Mi madre siempre nos decía a mi hermana y a mí, cuando éramos pequeñas, eso de “estudiad, que así no tendréis que depender de ningún hombre. Podréis ser independientes y hacer lo que queráis”.

Entendí entonces que estudiar, formarse, sacrificar horas de ocio y sueño en épocas de exámenes, pagar matrículas desorbitadas cuando no teníamos beca y conseguir alguna que otra nota (bastante) alta iba a permitirnos tener el trabajo con el que soñábamos y una remuneración adecuada. Que viene a ser, en resumidas cuentas, lo que nos hace un poquito más libres, dándonos esa independencia económica que quizás mi madre y la generación de nuestras abuelas nunca tuvo. El dinero, digo. Las 500 libras que decía Virginia Woolf, ya sabéis.

Así que yo, en este tema hija aplicada y responsable, dediqué mucho tiempo a encerrarme en la biblioteca (s), con una montaña de apuntes y libros y muchas idas y venidas a la máquina de café. Con amigas con las que en los descansos imaginábamos un futuro en el que la crisis económica, la brecha salarial y los techos de cristal no existen más que en artículos.

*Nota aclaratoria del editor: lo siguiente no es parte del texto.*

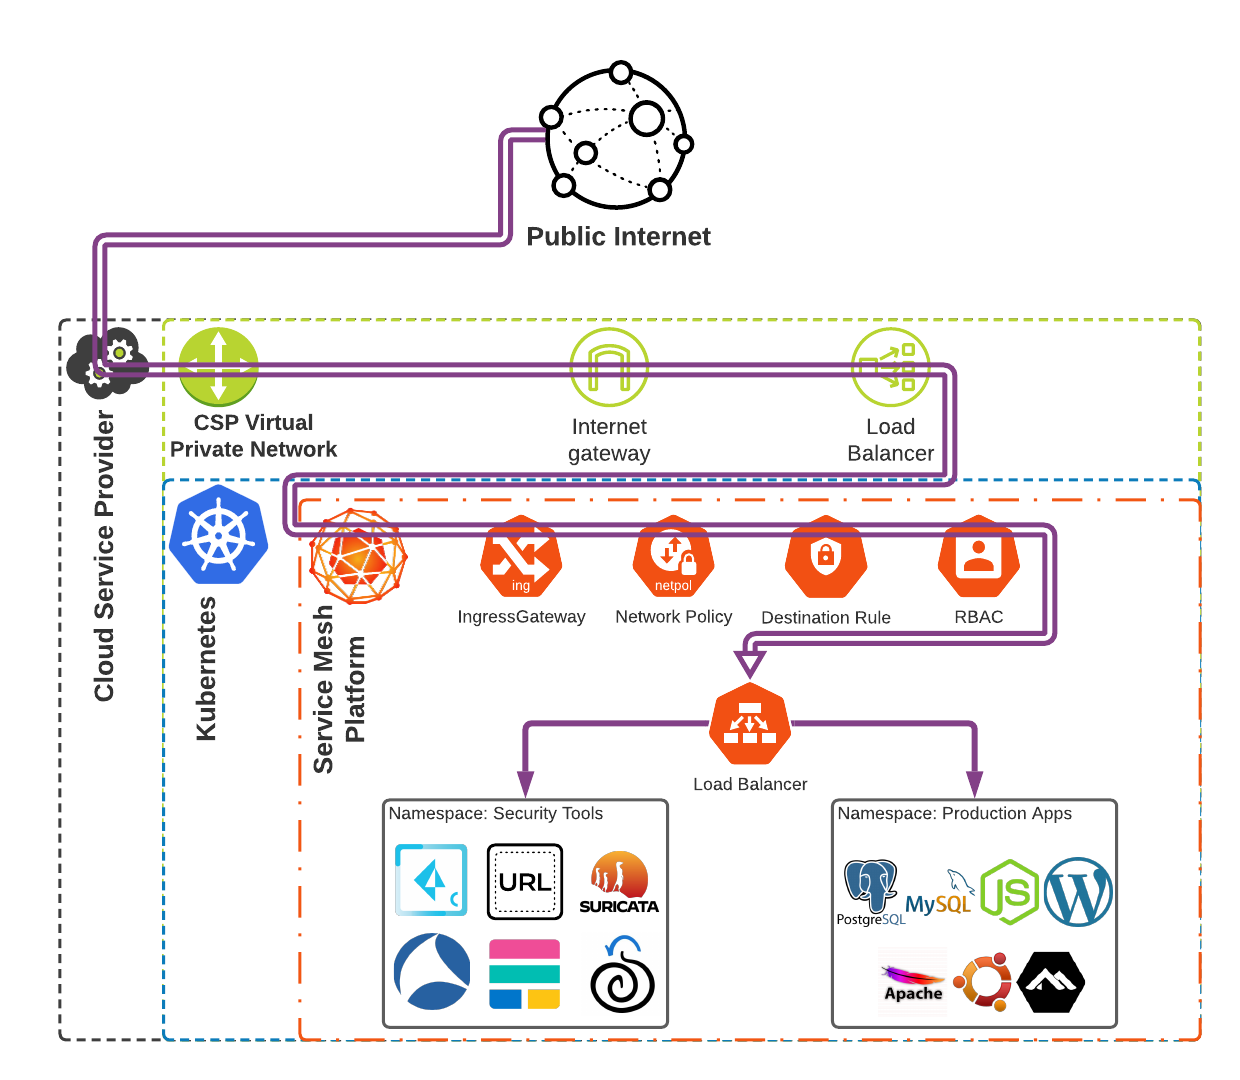 Example of how a security-focused service mesh architecture can increase visibility within K8s clusters. Image shows relationships of cloud service provider (CSP virtual private network, internet gateway, load balancer), to Kubernetes and a Service Mesh Platfroom (IngressGateway, Network Policy, Destination Rule, RBAC, Load Balancer. It also shows how security tools and production apps could fit into the picture. 
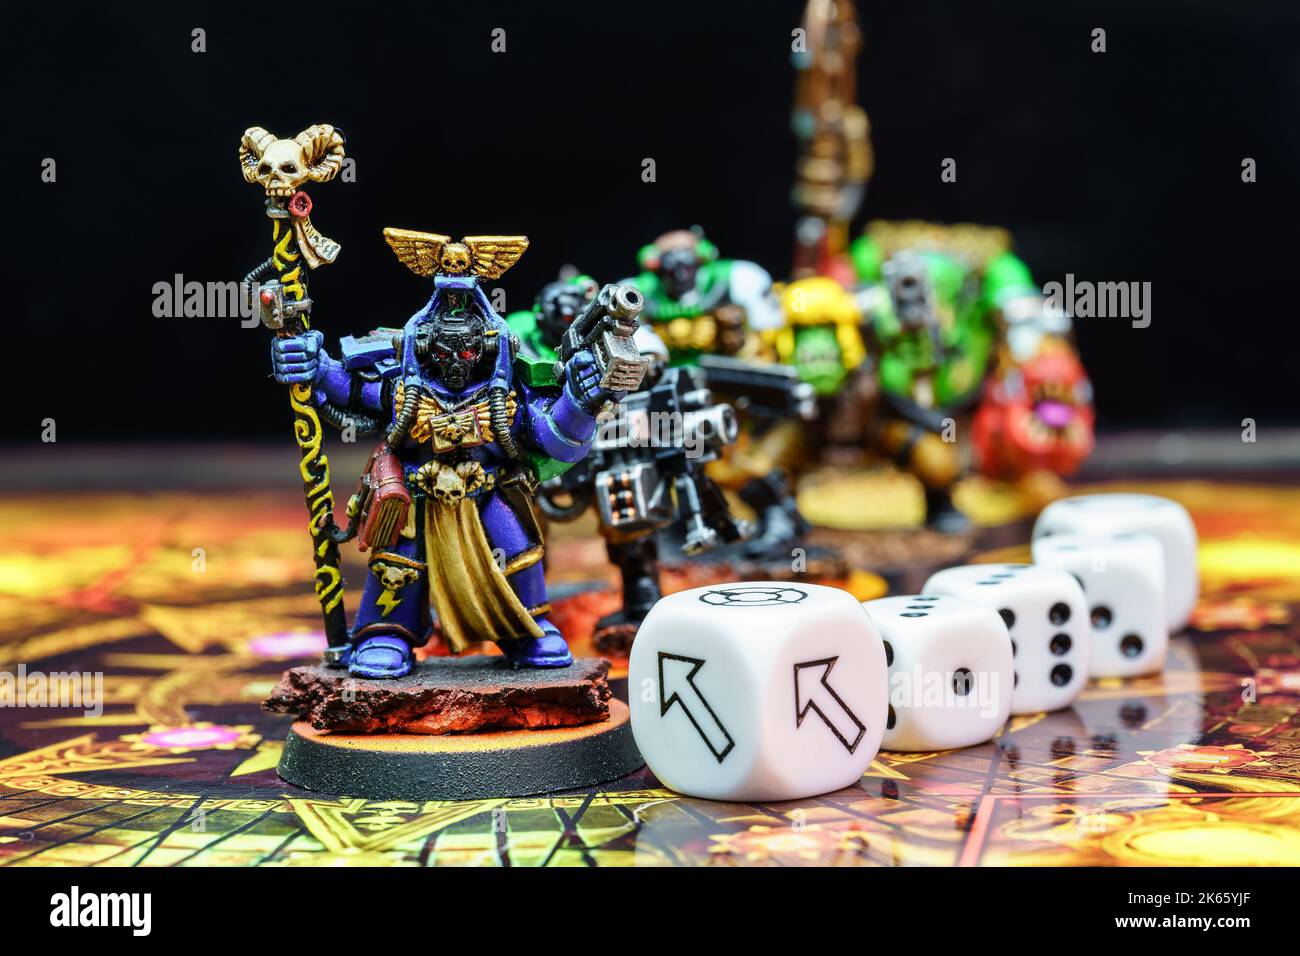 Figures of role-playing board games, dice and board to play in between several players. Stock Photo

Era un jueves. No hace mucho. Uno de estas semanas en las que en el trabajo nos desborda. Pasé por la terraza de un bar en el que estaban unxs compañerxs de otro departamento tomando unas cerves. Estaba saturada, era jueves y no lo pensé demasiado. Ese jueves, también salía más tarde de mi hora. Me senté y caña aquí. Vamos a reírnos de lo mal que va el mundo para los millenials, que aún lo somos un poquito, y a entrar en política que eso siempre anima cualquier afterwork, más que la liga.

Entre risas y botellines, quejas del trabajo y algún que otro cotilleo de última hora no tuve la mejor idea que preguntarle a uno de esos compañeros, con un trabajo de igual valor que el mío, que cuanto cobraba ahora, ya que en su momento me comentó que había pedido un aumento. Mi cara ante su respuesta provocó alguna que otra risa. Casi 2.000 euros anuales brutos más que yo y algo más de lo que había pedido; así que, perfecto. Porque sí. Jo-der. Que suerte tienen algunos, ¿no?

¿Qué decíais de la brecha salarial? Seguro que muchas cosas, pero Guy Ryder, Director General de la OIT dice lo siguiente:

“Las disparidades de remuneración por razón de género constituyen una de las mayores manifestaciones de injusticia social de la actualidad.»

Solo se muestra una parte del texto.